• INFORMATION PROVIDED
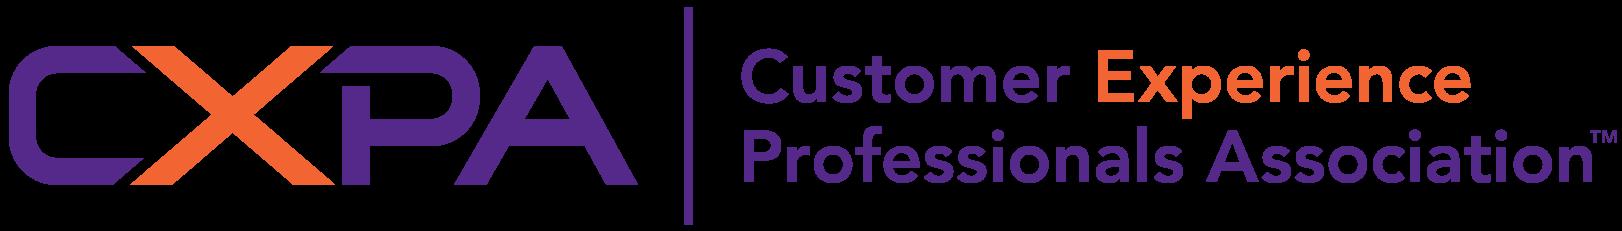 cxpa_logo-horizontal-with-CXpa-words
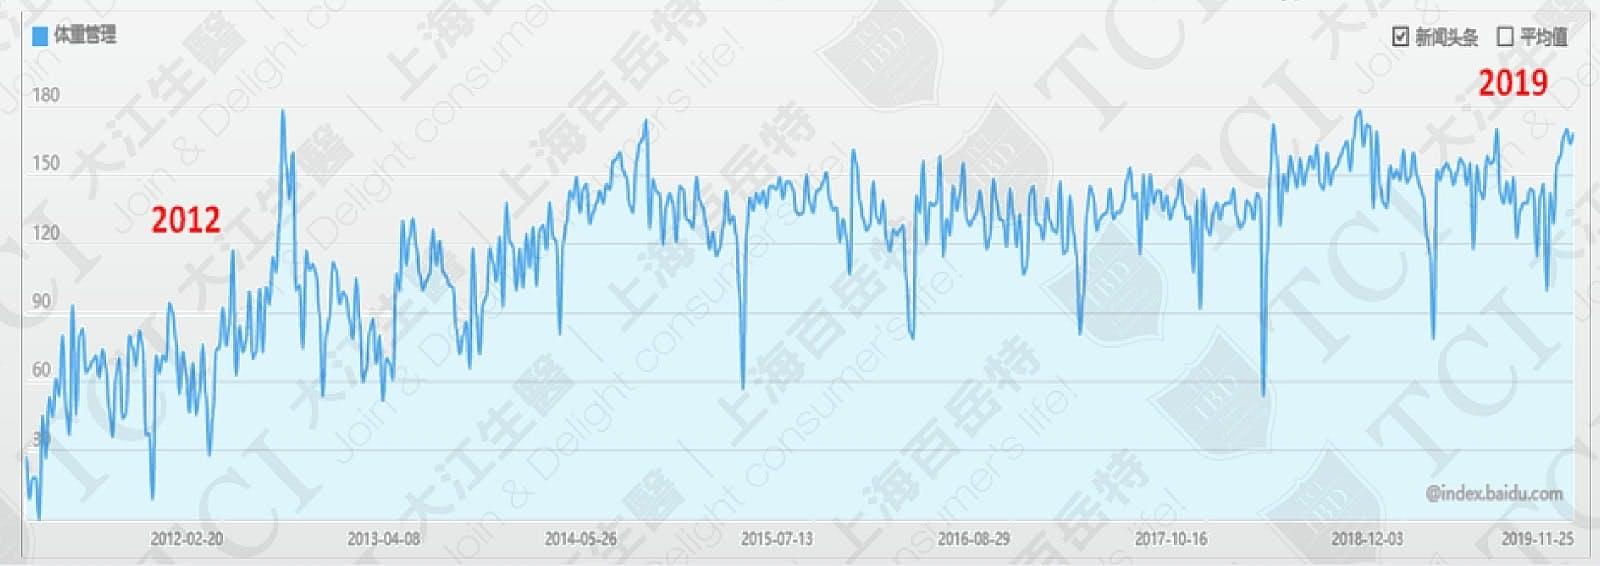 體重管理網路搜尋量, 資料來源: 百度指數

==

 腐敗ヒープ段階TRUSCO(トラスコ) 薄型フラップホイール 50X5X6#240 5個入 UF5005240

• WORK TASK
In the records above, find the line with "cxpa_logo-horizontal-with-CXpa-words". Print exactly from there through the line with "體重管理網路搜尋量, 資料來源: 百度指數", minus the pictures.

• ANSWER FOR THIS EXERCISE
 cxpa_logo-horizontal-with-CXpa-words
 體重管理網路搜尋量, 資料來源: 百度指數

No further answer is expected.